To do = Nothing should appear in the answer except the lines below from the line containing "Rissen und Löchern" through the line containing "707332 USED ESTADOS", copied exactly, with pictures left out.

Source records =
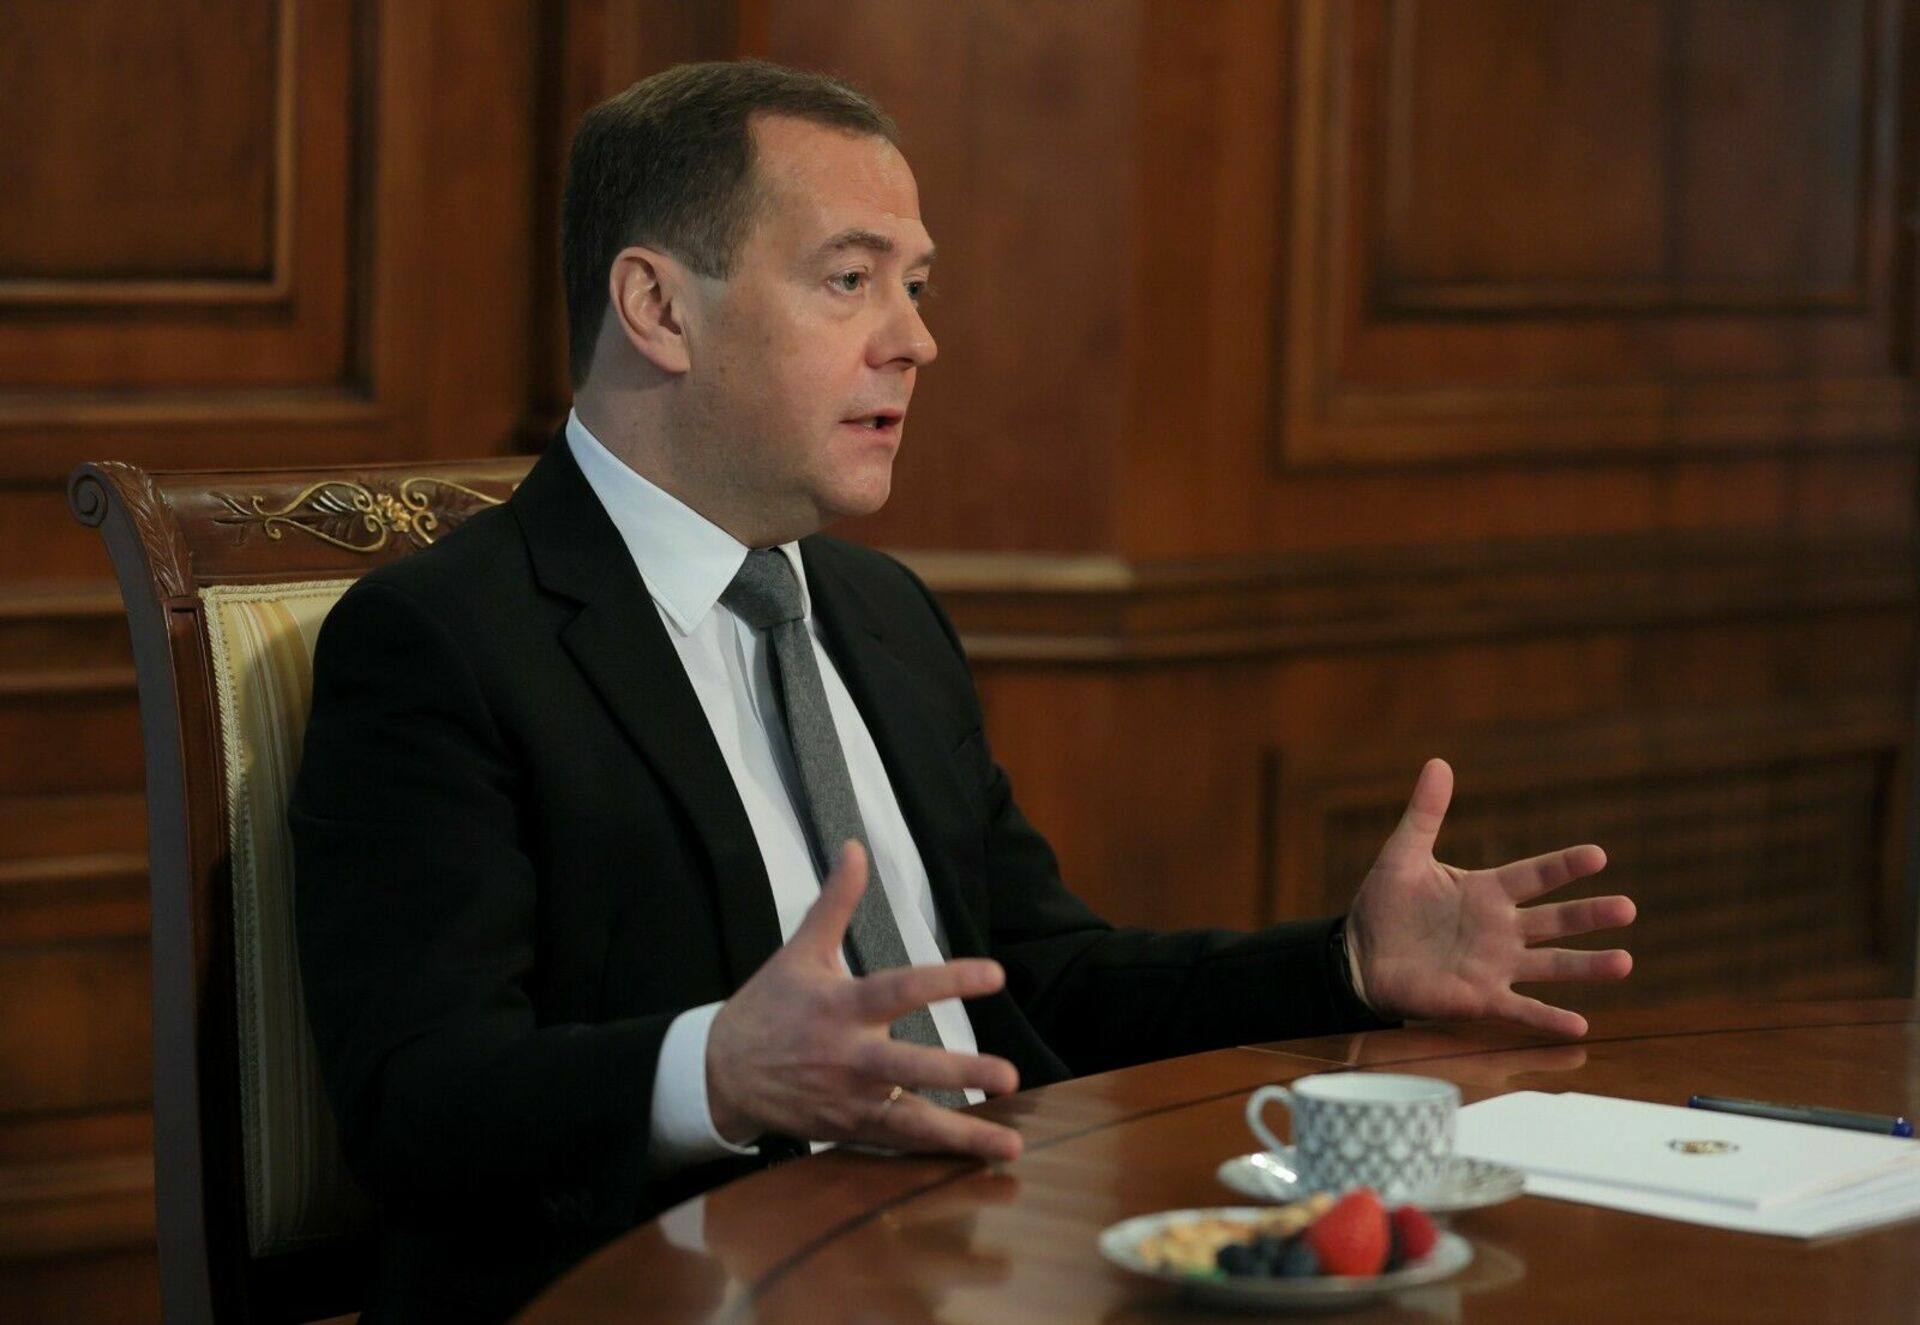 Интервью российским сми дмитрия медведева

--

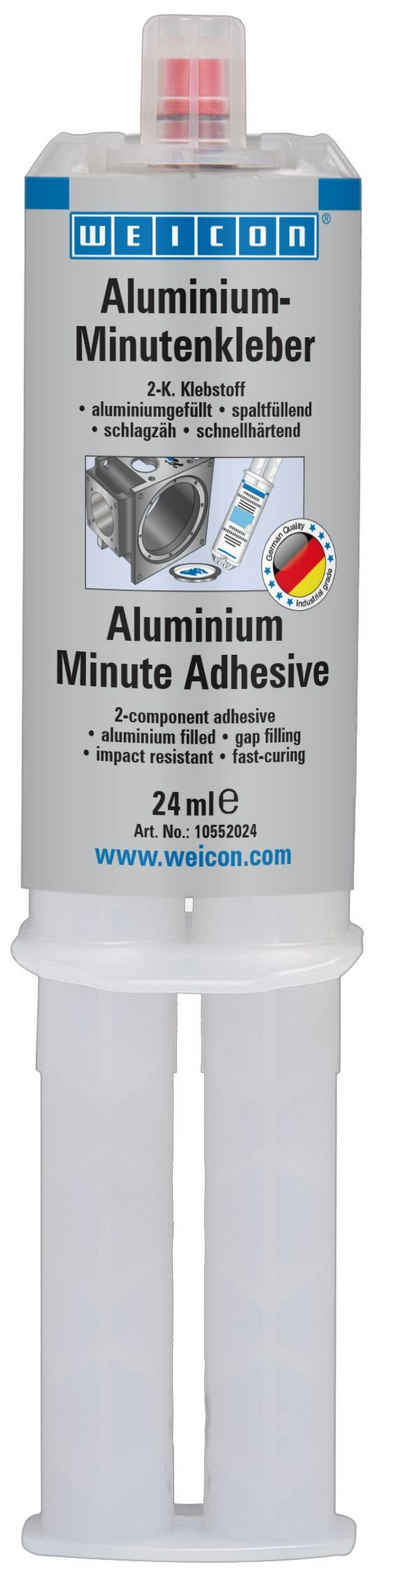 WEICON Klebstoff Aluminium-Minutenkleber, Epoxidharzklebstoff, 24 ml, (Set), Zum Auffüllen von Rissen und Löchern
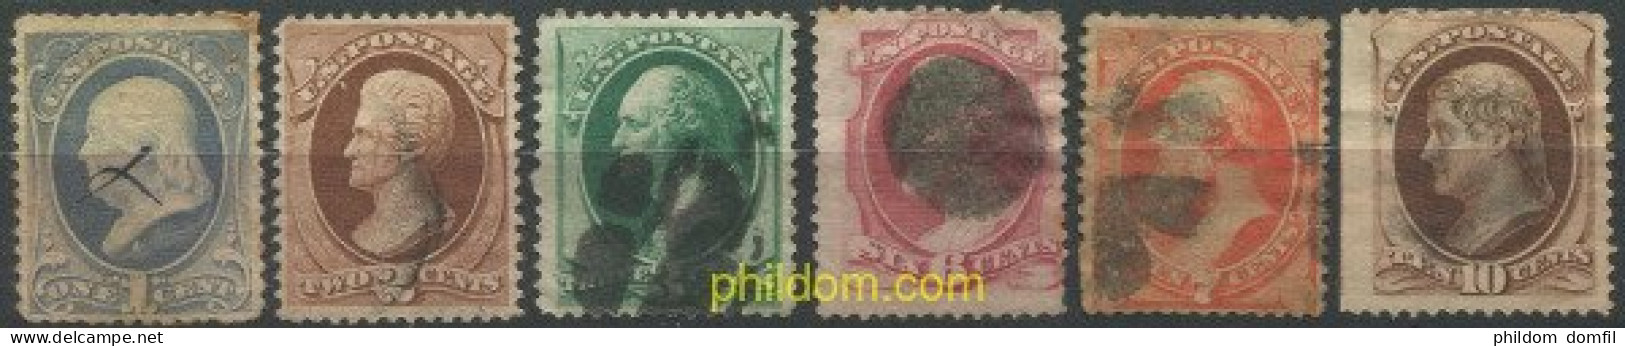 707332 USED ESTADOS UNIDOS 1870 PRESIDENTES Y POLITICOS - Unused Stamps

Exercise solution =
 WEICON Klebstoff Aluminium-Minutenkleber, Epoxidharzklebstoff, 24 ml, (Set), Zum Auffüllen von Rissen und Löchern
 707332 USED ESTADOS UNIDOS 1870 PRESIDENTES Y POLITICOS - Unused Stamps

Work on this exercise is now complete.